NOTE: Bingham thought Machu Picchu was an Inca "fortress" and came to believe it was the real Vilcabamba, the last capital of the retreating nation. Machu Picchu is, however, quite close to the original Inca capital of Cuzco, and despite its rich and elaborate construction, Machu Picchu would have housed only about 600 people comfortably. The current leading academic belief is that Machu Picchu — with a milder climate than Cuzco — was a vacation estate for a ruling Inca emperor and his retinue of nobles, administrators and support staff. In effect, it was probably the equivalent of Windsor Castle during Queen Victoria's reign. When the Inca emperor died a century before the Spanish arrived, the estate was shut down and abandoned — as the estates of other emperors were known to have been abandoned when they died.


When he returned to the U.S., Bingham was able to parlay his find — complete with photos and breathless magazine accounts — into major financing for a new expedition in 1912, sponsored by Yale and the National Geographic Society.

The 1912 expedition was the one that thoroughly uncovered Machu Picchu's secrets and provided more than 4,000 artifacts (a current claim by the Peruvian government cites about 40,000 artifacts) for Bingham to triumphantly bring back for display at Yale.


Hiram tent

The National Geographic Society devoted the entire April 1913 issue of its monthly journal, National Geographic magazine, to Bingham's 1912 expedition.

The incredible photos and irresistible stories of the dashing explorer/adventurer made Bingham an international star and created the template for the Indiana Jones type of freebooting/semi-respectable adventurer that has been part of modern pop culture's mythology for 100 years.

poster

Bingham returned to explore other parts of the Andes in 1915, but most of the Machu Picchu recovery work he left to others.
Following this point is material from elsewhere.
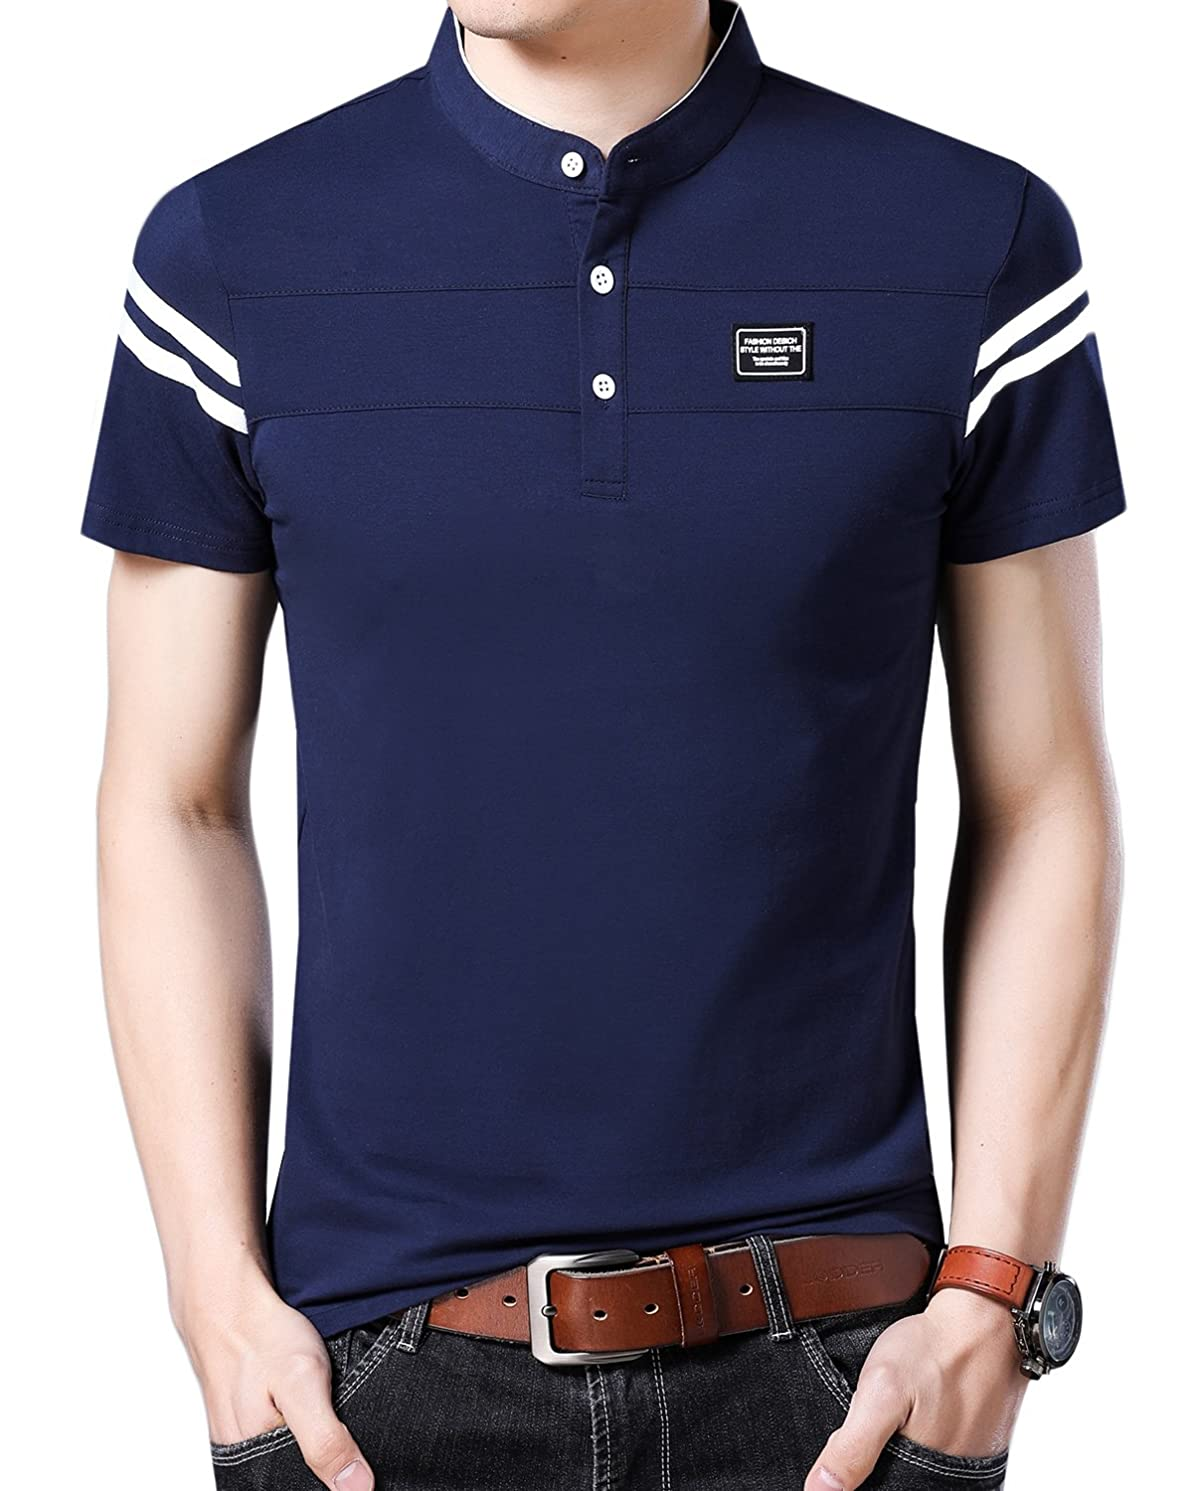 YinQ Mens Casual Slim Fit Golf Polo Shirt Short-Sleeve Polo Golf Shirts Tops
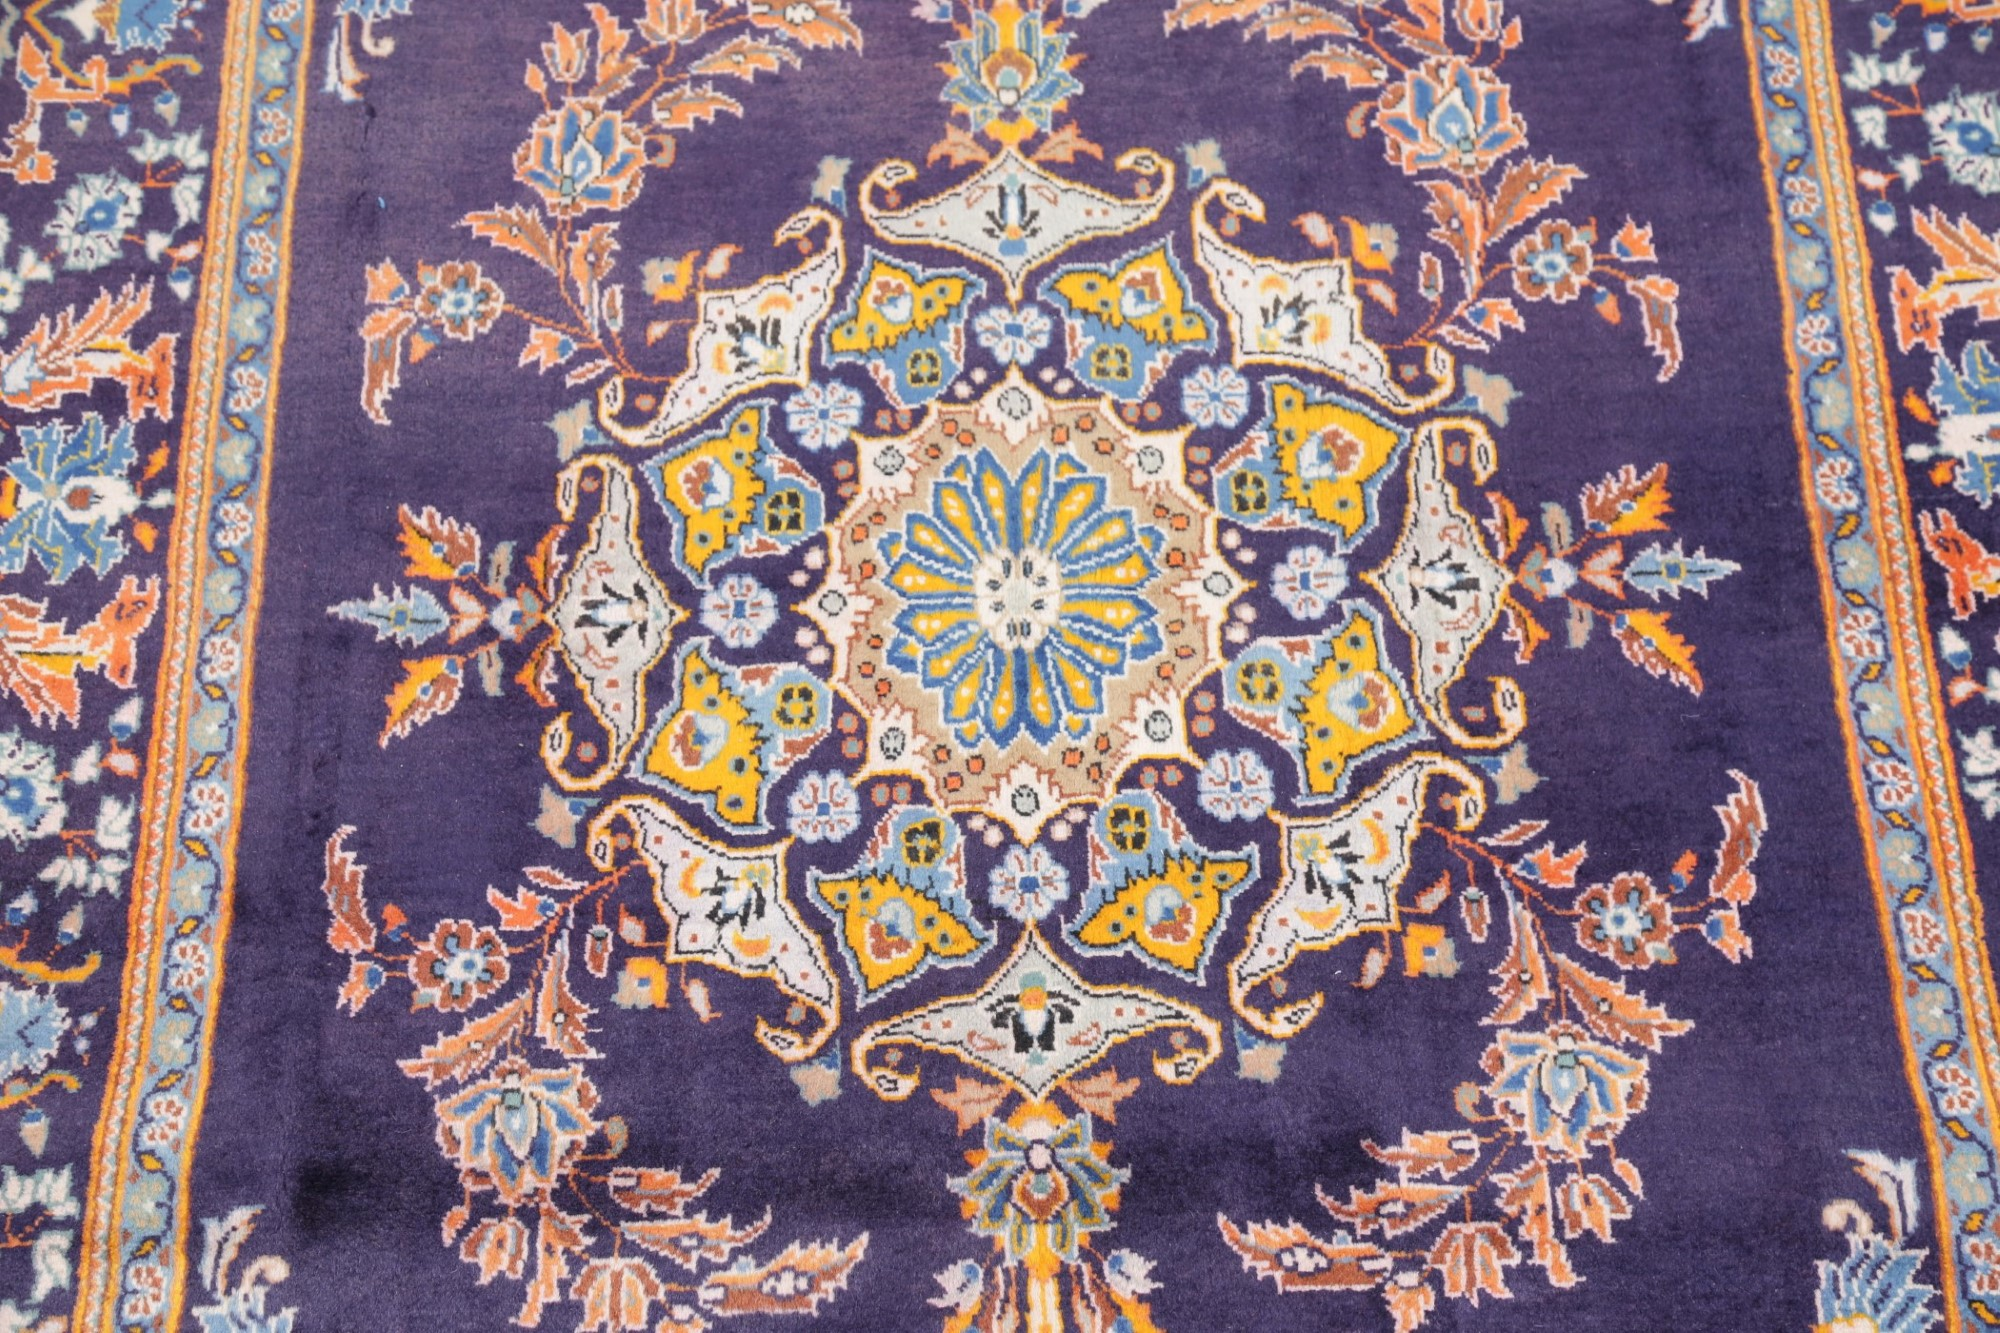 Vintage Medallion Floral Persian Oriental Area Rug Indigo

Bingham was not an archeologist — he was an explorer.

But that 1915 expedition pretty much ended Bingham's career as an explorer — although not as an adventurer.

He had developed an enthusiasm for aviation and, when the U.S. entered World War I in 1917, he joined the air service of the U.S. Army as a pilot (despite being over the normal age for duty). He rose to the rank of colonel, commanding the U.S. Expeditionary Force's main pilot training base in France.

After the war, Bingham gave up academics for politics. He became Republican lieutenant-governor of Connecticut in 1922, won election as governor of the state in November 1924 — and then as U.S. senator for the state in a December 1924 byelection to fill the seat left vacant by the suicide of Sen. Frank Bosworth Brandegee.

Bingham immediately took his Senate seat and then became governor of Connecticut for exactly two days — Jan. 7-8, 1925 — before resigning the governorship in favour of the Senate.

Bingham's Senate career was a mixed success. He was a strong advocate of aviation and was known as "the Flying Senator."

In these accompanying 1931 photos, you will see Bingham getting out of an autogiro, a cross between a helicopter and airplane, that had just flown him from the U.S. Capitol Building to a golf game at a suburban Washington course.

autogiro

capitol

However he was also censured by the Senate in 1929 for unethical dealings with a lobbyist.

Bingham lost his bid for re-election in 1932 in the Roosevelt Democratic sweep and retired from politics.

Shortly afterwards, Alfreda divorced him — in part because of his womanizing and also because his administration of her fortune had become highly suspect.

Bingham got into business with rocky results, married a woman half his age in 1937 and wrote a bestseller in 1948 — Lost City of the Incas — based on his Machu Picchu expeditions four decades earlier.

Bingham died in 1956 at age 80. He was a legend four times over — a daring, charismatic explorer and adventurer, a writer who caught the public's imagination (and his self-promotion was certainly deserved), a war hero and a successful academic and politician with genuine star quality.

He was also a bit of a cad in his private life, a manipulator and conniver, and a highly self-involved egoist — all qualities that Bingham probably needed to become one the most extraordinary heroes of the 20th Century — the real Indiana Jones.